First, extract all the different colour specifications:

$ grep 'color:' default.css |\
	grep -v var |\
    sed 's/^.*://' | sort | uniq > colors.css

And count them...

$ wc -l colors.css 
110 colors.css

Then, write an awk script which will cut the colour space down from 16,777,216 potential different colours to 4,096 — of course 4,096 is still vastly too many, but we've now cut down the problem by four orders of magnitude. Have that awk script generate a sed script which will auto-edit the original file:

#!/bin/awk -f

# Remove the eight least significant bits of each colour component
function compress_colour( data) {
    return and( data, 0xf0f0f0);
}

/0x[0-9A-F]{6}/ { printf( "s/%s/0x%6.6x/\n", $1,
			  compress_colour( strtonum( $1))); }

And run it:

$ cat colors.css | awk -f compress-colours.awk > compress-colours.sed

This generates a sed script whose first few lines look like this:

s/0x000000/0x000000/
s/0x002080/0x002080/
s/0x006318/0x006010/

Which is obviously wrong, bother. It has hex numbers in the format accepted by C (and awk), not CSS colour codes. OK, quick sed fix:

$ cat colors.css |\
	awk -f compress-colours.awk |\
    sed 's/0x/#/g' > compress-colours.sed

And this time it's right:

s/#000000/#000000/
s/#002080/#002080/
s/#006318/#006010/

Obviously it would have been more efficient not to generate the lines where the left hand pattern and the right hand pattern are identical, and I could go back and fix the awk script; but life is short. Obviously, also, this hasn't dealt with the colours which have been specified with colour names and those specified with rgba tuples, but fortunately in this case there are few of those.

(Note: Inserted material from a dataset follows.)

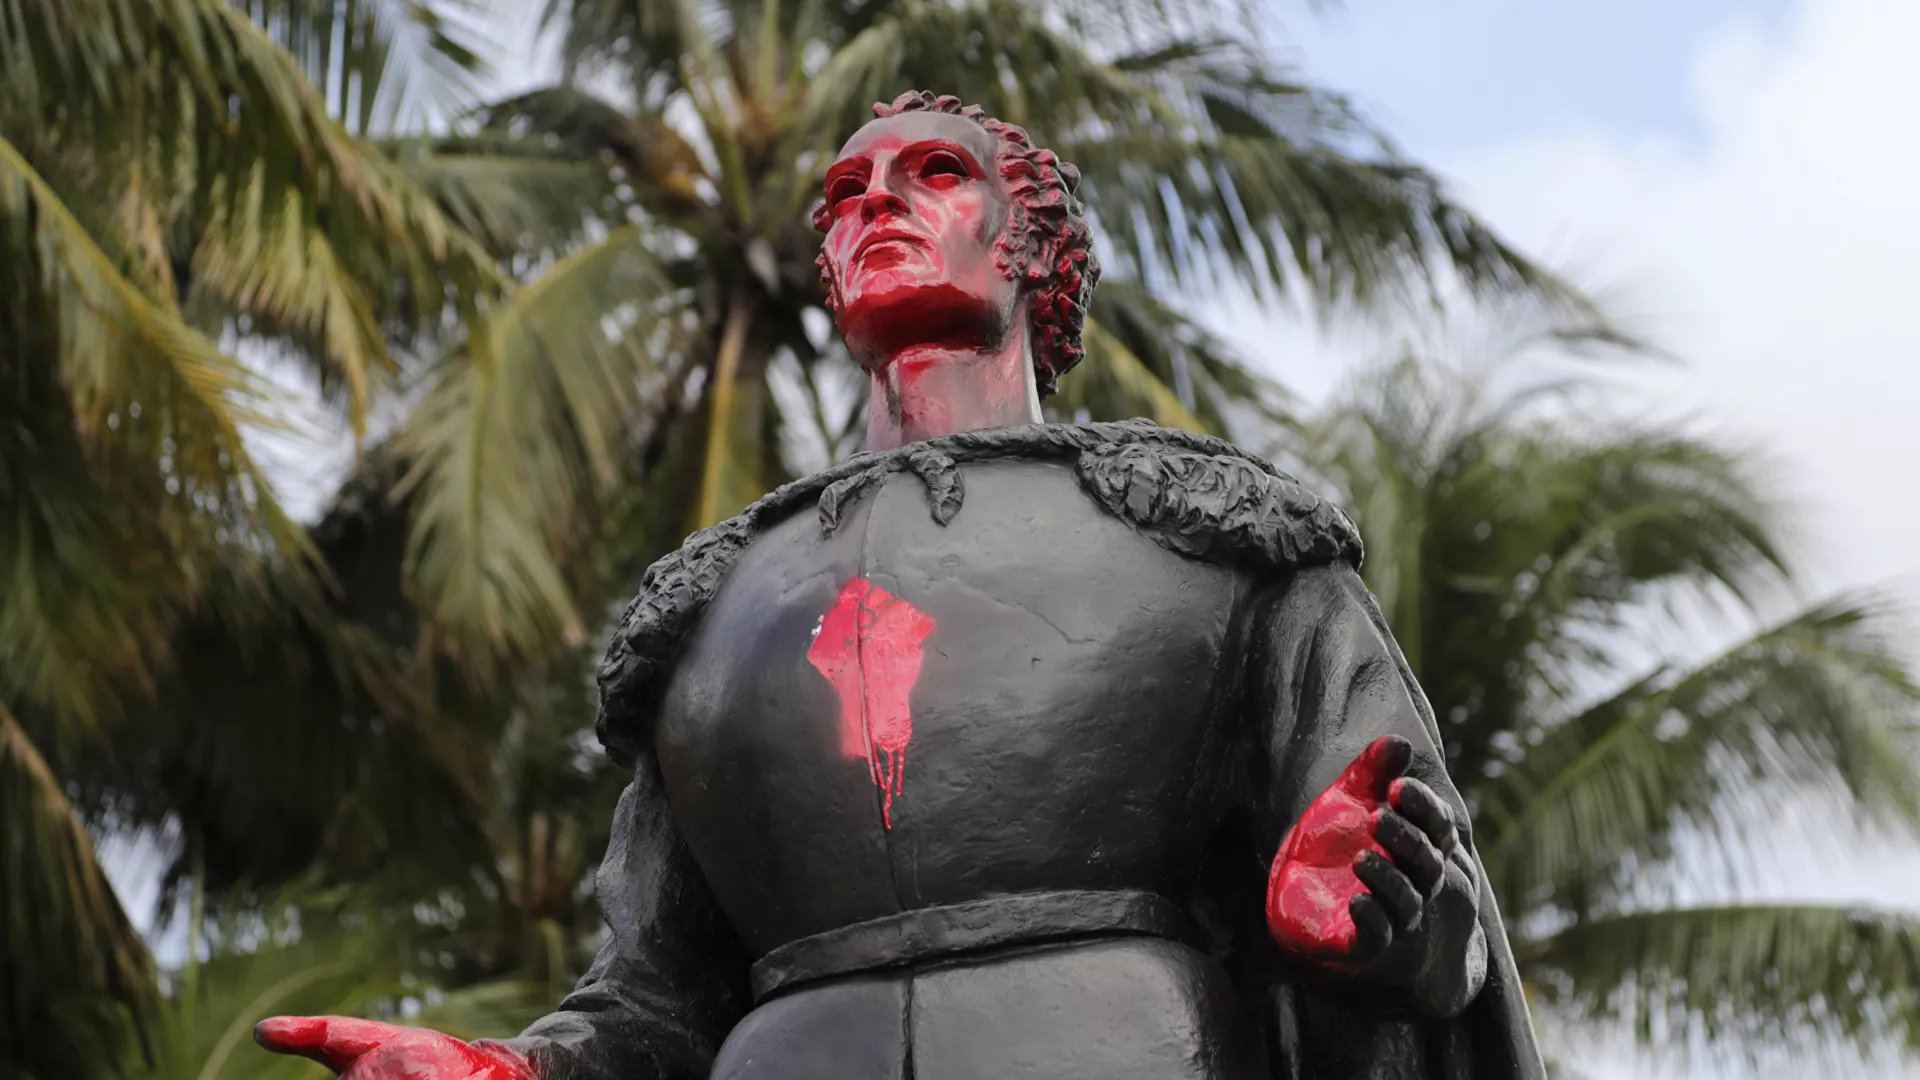 Una estatua de Cristóbal Colón en Miami - Sputnik Mundo, 1920, 11.05.2021
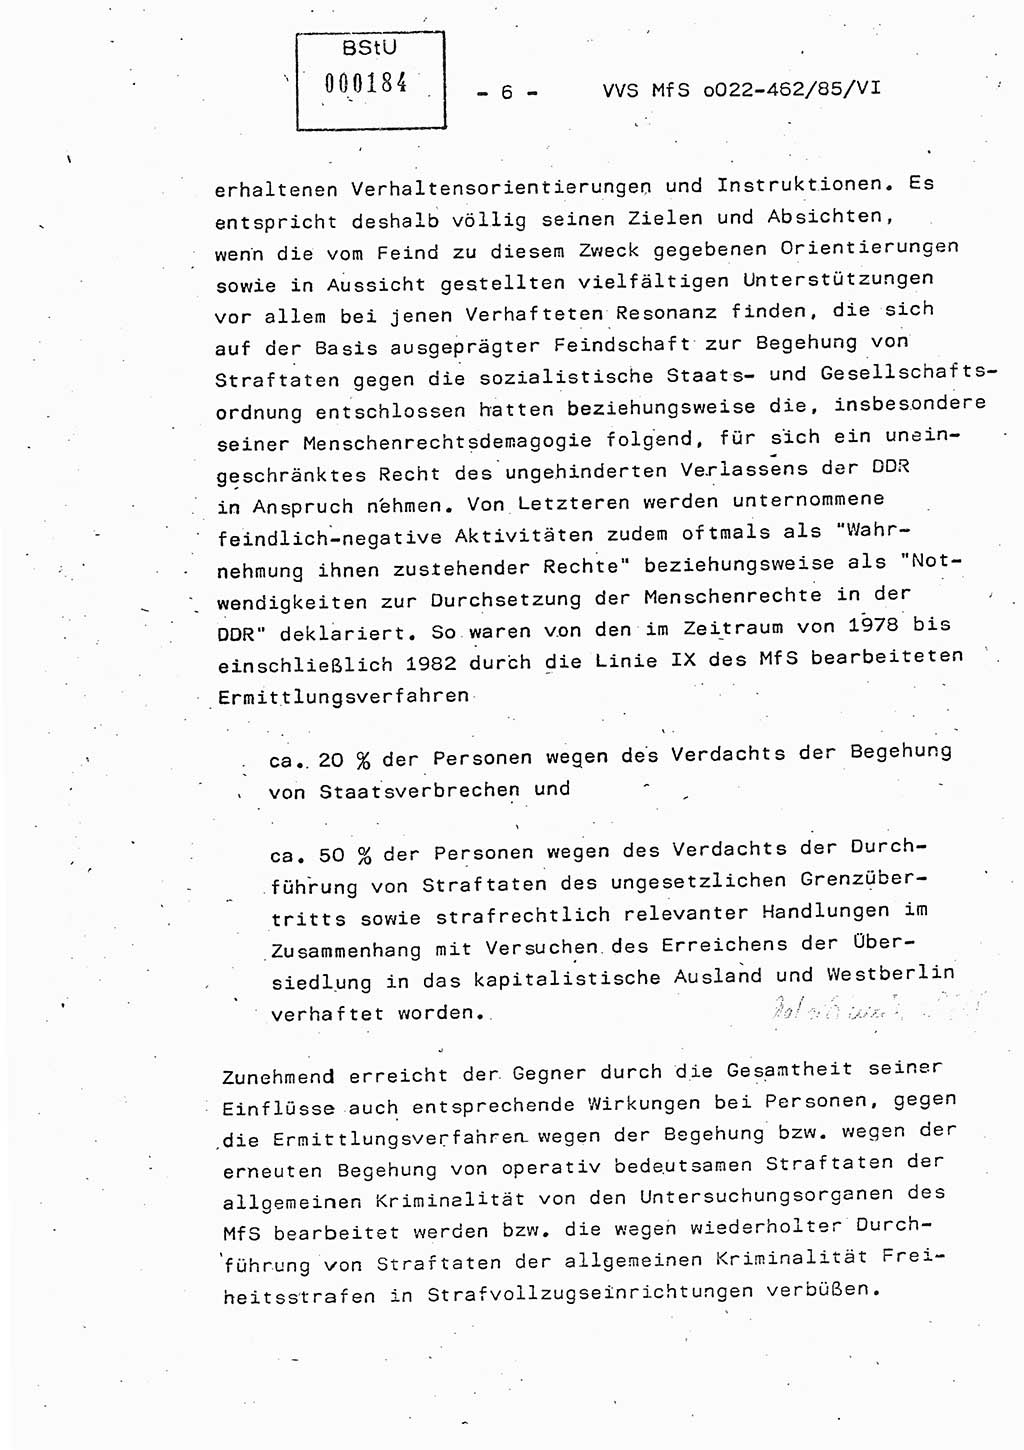 Der Untersuchungshaftvollzug im MfS, Schulungsmaterial Teil Ⅵ, Ministerium für Staatssicherheit [Deutsche Demokratische Republik (DDR)], Abteilung (Abt.) ⅩⅣ, Vertrauliche Verschlußsache (VVS) o022-462/85/Ⅵ, Berlin 1985, Seite 6 (Sch.-Mat. Ⅵ MfS DDR Abt. ⅩⅣ VVS o022-462/85/Ⅵ 1985, S. 6)

Oh, damn it. Right, there's a lookup table of colour names to hex codes here. If I had been a real hacker I could probably have done this in a one liner, but I'm not so I needed another auxiliary awk script:

#!/bin/awk -f

function ltrim(s) { sub(/^[ \t\r\n]+/, "", s); return s }
function rtrim(s) { sub(/[ \t\r\n]+$/, "", s); return s }
function trim(s)  { return rtrim(ltrim(s)); }

$3 ~ /[A-Za-z]+/ { printf( "s/ %s *;/ #%s;/\n", trim( $3), trim( $4)); }

Having written this, I could do

$ wget -O - https://htmlcolorcodes.com/color-names/ |\
    pandoc -f html -t markdown |\
    grep '^|' | sort | uniq |\
    tee lookup.md |\
    awk -F\| -f gen-lookup.awk |\
    tee lookup.sed

...which generates a new sed script which, when applied to the original document, converts the named colours into hex colours which we can then compress as we did before.

But the sed script isn't perfect: pandoc, in converting HTML to Markdown, split some very long names (e.g. LightGoldenrodYellow, MediumSlateGray) in awkward places, and that required some hand editing, But worse, if Red came in the file before MediumVioletRed, the colour codes got mangled. Fortunately all we needed was to sort by line length, so a quick

$ cat lookup.md |\
	grep '^|' | sort | uniq |\
    awk -F\| -f gen-lookup.awk |\
    tee lookup.tmp |\
    awk '{ print length, $0 }' |\
    sort -rn |\
    cut -d" " -f2- > lookup.sed

fixed that.

Finally, the authors of the stylesheet had not been consistent with their capitalisation; so it had both White and white, and similarly for many other colours.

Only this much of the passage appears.